# [Data shown]

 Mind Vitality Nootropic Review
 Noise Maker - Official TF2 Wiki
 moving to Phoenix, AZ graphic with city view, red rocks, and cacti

# [What needs to be done]
Could you write out all the data exactly as it is given?

# [Response to this exercise]
 Mind Vitality Nootropic Review
 Noise Maker - Official TF2 Wiki
 moving to Phoenix, AZ graphic with city view, red rocks, and cacti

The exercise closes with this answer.